César zmotywowany
07.11.2010; 16:51
Nastawienie portero przed meczem z Sevillą
César Snachez po raz kolejny zawita na stadionie w Sevilli już w poniedziałek. W ostatnim sezonie bramkarz Valencii przeżył mały konflikt z kibicami Sevillistas. Tym razem Sanchez postanowił pojechać na teren przeciwnika wyciszony i spokojny. Mówi, że złowroga atmosfera na Pizjuan czyni go jeszcze bardziej zmotywowanym.
Wiele mówiło się o spotkaniu pomiędzy Sevillą, a Valencią, gdy portero Nietoperzy drwił sobie z kibiców gospodarzy. Jedną z sytuacją ogłoszono nawet aktem agresji, gdy César miał spięcie z chłopakiem podającym piłki, który stał za bramką - podszedł do niego i podniósł na niego rękę markując uderzenie, lecz powstrzymał się w ostatniej chwili. Kibice Sevilli, za każdym razem, gdy Sanchez był przy piłce niemiłosiernie gwizdali i wykrzykiwali obelgi, a bramkarz tylko podnosił dłoń do ucha i z wzniesionymi ramionami na znak wyzwania, i chytrym uśmieszkiem drwił z kibiców tym samym ich podjuszając. Konfrontacje te, tylko \"podgrzewały\" atmosferę na trybunach.
Bezpośrednio po meczu dyskutowano na temat zachowania bramkarza Los Che, zarówno w szatni Blanquinegros, jak i w mediach.
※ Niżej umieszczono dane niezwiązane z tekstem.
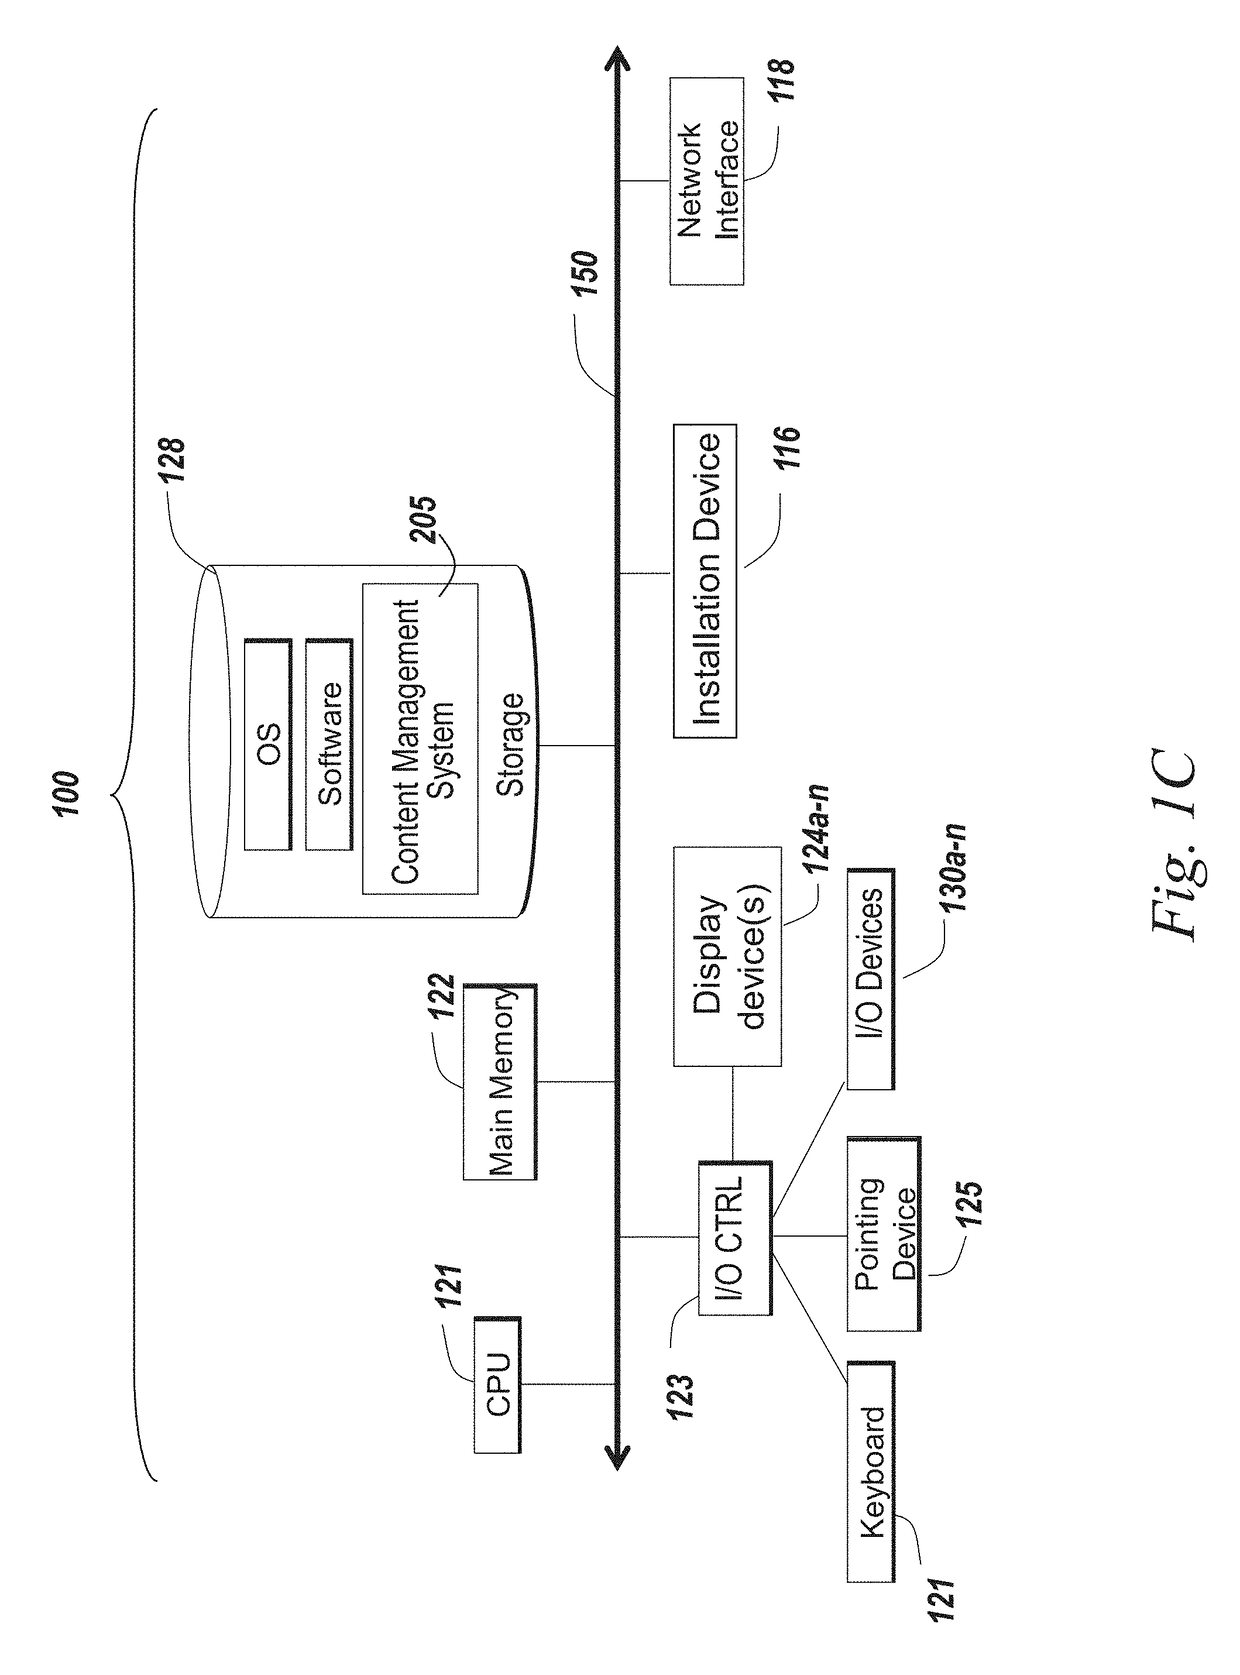 Systems and methods for prioritizing content packets based on a dynamically updated list of content filtering rules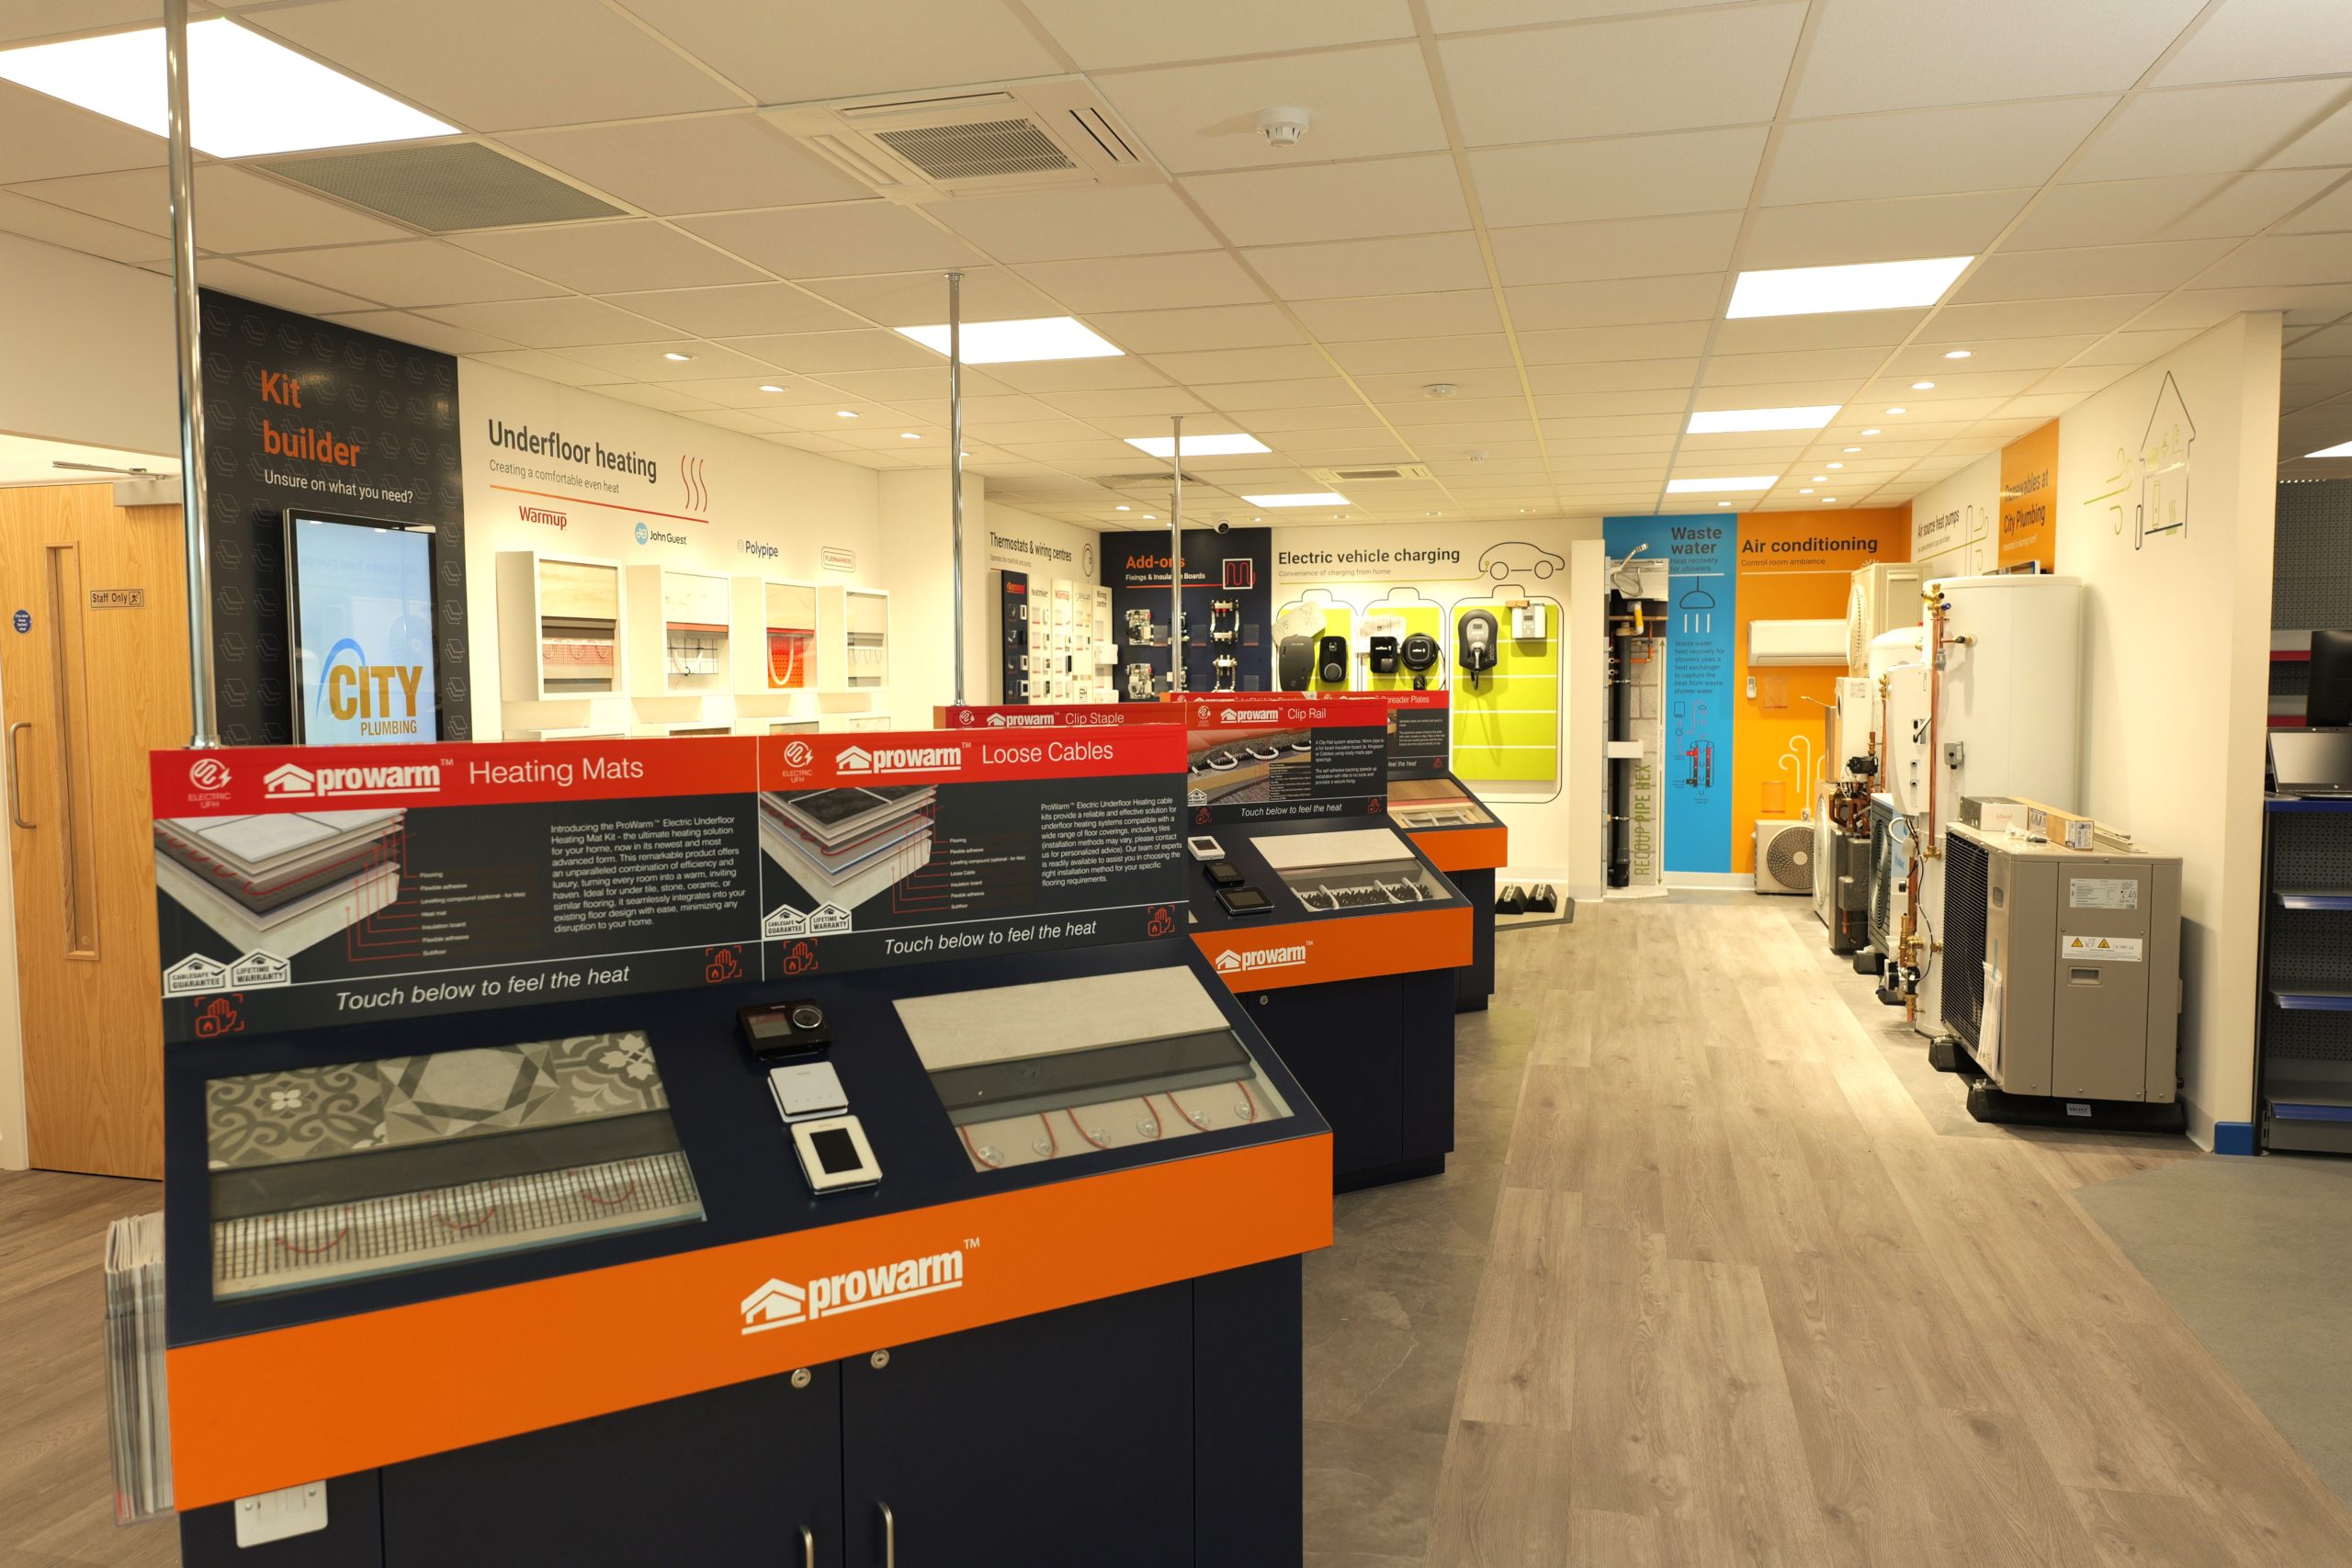 Coupled with a Renewables Centre, Underfloor Heating Store and The Bathroom Showroom, City Plumbing has opened its new branch in Basildon. The business has also revealed details of its latest Renewables Trade Day, held recently at its depot in Bournemouth.

W nie najlepszym humorze po meczu był Unai Emery, którego zespół nie dość, że przegrał 2-1, to jeszcze charakterny portero jego drużyny wchodził w sprzeczki z ekipą techniczną na stadionie i z kibicami. Co prawda, Cesar popisał się kilkoma świetnymi paradami podczas spotkania, lecz nie złagodziło to atmosfery. Emery nie był zadowolony z zachowania Sancheza. Tym razem entrenador Valencii wymaga od bramkarza, aby ten zachował spokój.
Cesar przyznaje rację trenerowi i jest świadomy swego błędu. Mówi także, iż wie, że gdy zawita na Pizjuan reakcją na jego obecność będą wzmożone gwizdy i wyzwiska ze strony kibiców, ale mówi, że dla niego będzie to tylko dodatkowa motywacja.
Bramkarz po wyleczeniu swojej kontuzji powrócił do gry w meczu z Rangersami we wtorek, w Lidze Mistrzów. W piątek dołączył także do treningu z drużyną, lecz nie dokończył go, gdyż musiał wrócić do Ciudad Deportiva de Paterna, aby przejść przez ostatnie rehabilitacje. Pomimo tego, wystąpi w meczu z Sevillą, a także zmierzy się po raz kolejny w pojedynku z kibicami Palanganas.
KOMENTARZE
Teraz tłumaczenie z języka oficjalnego na potoczny: Emery nie ma jaj i woli skulić ogon pod siebie. Wymaga aby Cesar zrobił to samo, bo inaczej wszyscy zobaczą kto ma charyzmę i jest liderem drużyny, a kto chciałby nim być. Nie może być przecież tak, że bramkarz jest odważniejszy od trenera.
Motywacja jest, tylko czy nie ulotni się w Sevilli?